Mitsui OSK Lines (MOL) is beefing up its decarbonisation strategy through a research programme into the capture and transport of the carbon emitted by a big Japanese electricity producer.
MOL and the Kansai Electric Power Co (KEPCO) announced on Friday they signed a memorandum of understanding (MoU) to study a CO2 capture-and-storage (CCS) value chain.
The object of the study will be the seaborne transport of liquefied CO2 (LCO2) after it has been separated and captured from KEPCO’s thermal power plants.
KEPCO is a utility operating in the Kansai region, one of Japan’s largest industrial areas.
According to its website, KEPCO has an annual electricity retail sales volume of about 100 billion kWh.

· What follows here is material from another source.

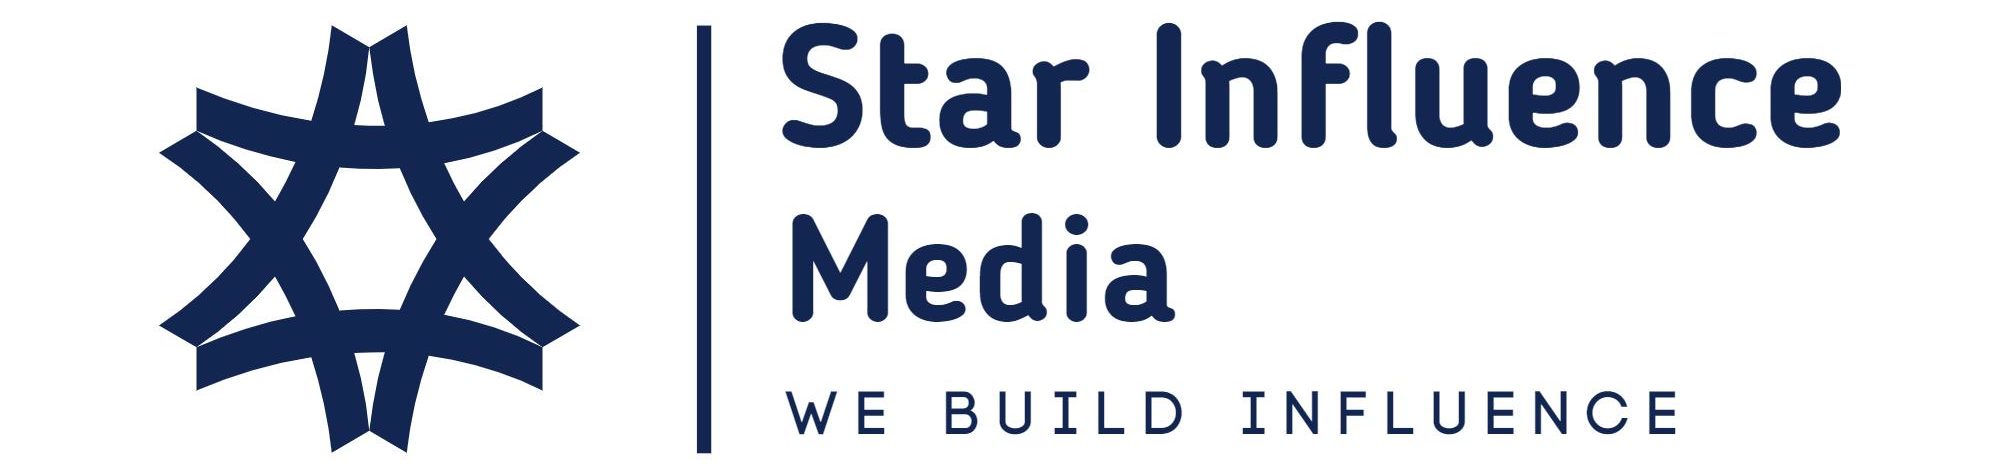 Star Influence Media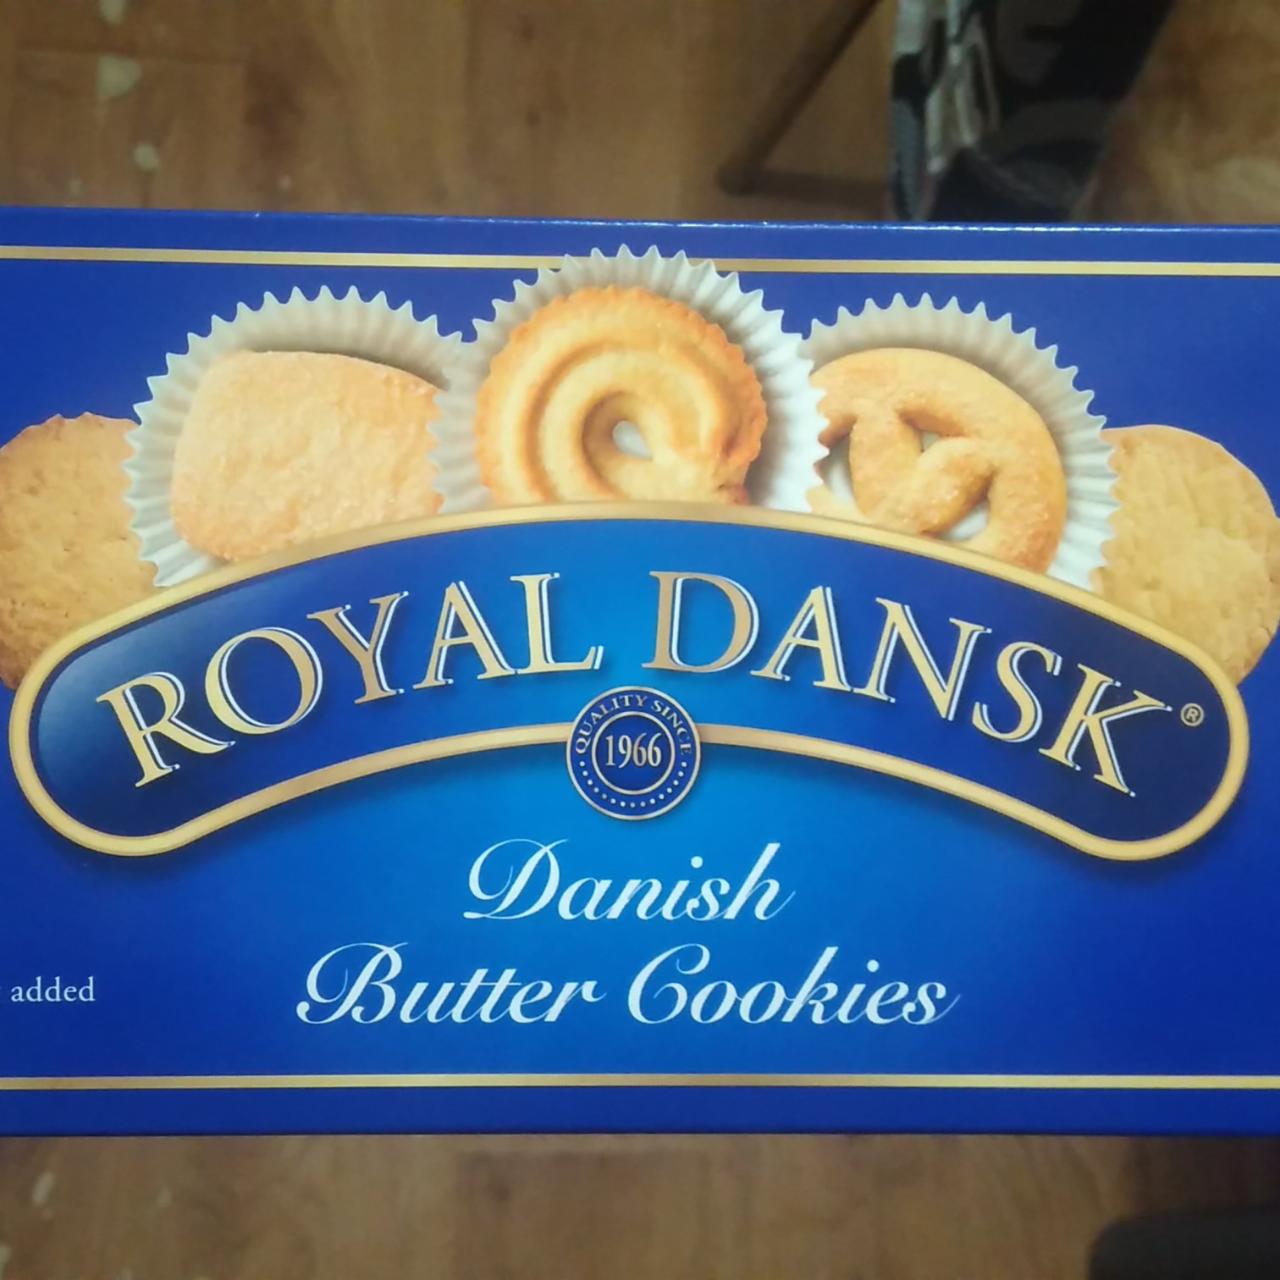 Фото - печенье Danish butter cookies Royal dansk

The company generates about a quarter of this energy from nuclear power plants and another quarter from LNG. KEPCO’s next-biggest energy sources are coal (16% of the total) and general hydroelectric power (11%).
The cooperation with KEPCO is just one of several of MOL’s carbon capture-related ventures. LCO2s are an established part of the company’s plans to achieve “net-zero” carbon emissions by 2050.
In March, MOL completed a concept study for a 50,000-cbm vessel that can carry both ammonia and LCO2. The company cooperates with Japanese peer Mitsubishi Shipbuilding Co in the project.
MOL earlier teamed up with Norway’s Larvik Shipping on LCO2s and in February announced an MoU on the same subject with Malaysian state energy company Petronas.
MOL takes part in the “deepC Store Project”, which studies the development of an offshore carbon capture and storage hub in Australia.
Expensive but promising
According to market analysts, carbon capture is still expensive. Costs could fall, however, if production is scaled up, just as happened in the case of solar panels and wind turbines.
Scaling up looks feasible, considering the number of shipping players who are already investing in the technology.
One of them is Peter Livanos, who announced entering that market through EcoLog — an entity with plans for an LCO2 carrier fleet of about 60 ships and assorted terminals.
In another initiative, Norway’s Solvang teamed up with engine manufacturer Wartsila.
South Korean shipbuilder Samsung Heavy Industries has developed an onboard carbon capture system for conventionally-fuelled vessels.
Last but not least, Japan’s NYK and Norway’s Knutsen Group have set up a joint venture to ship and store liquefied LCO2 at ambient temperatures.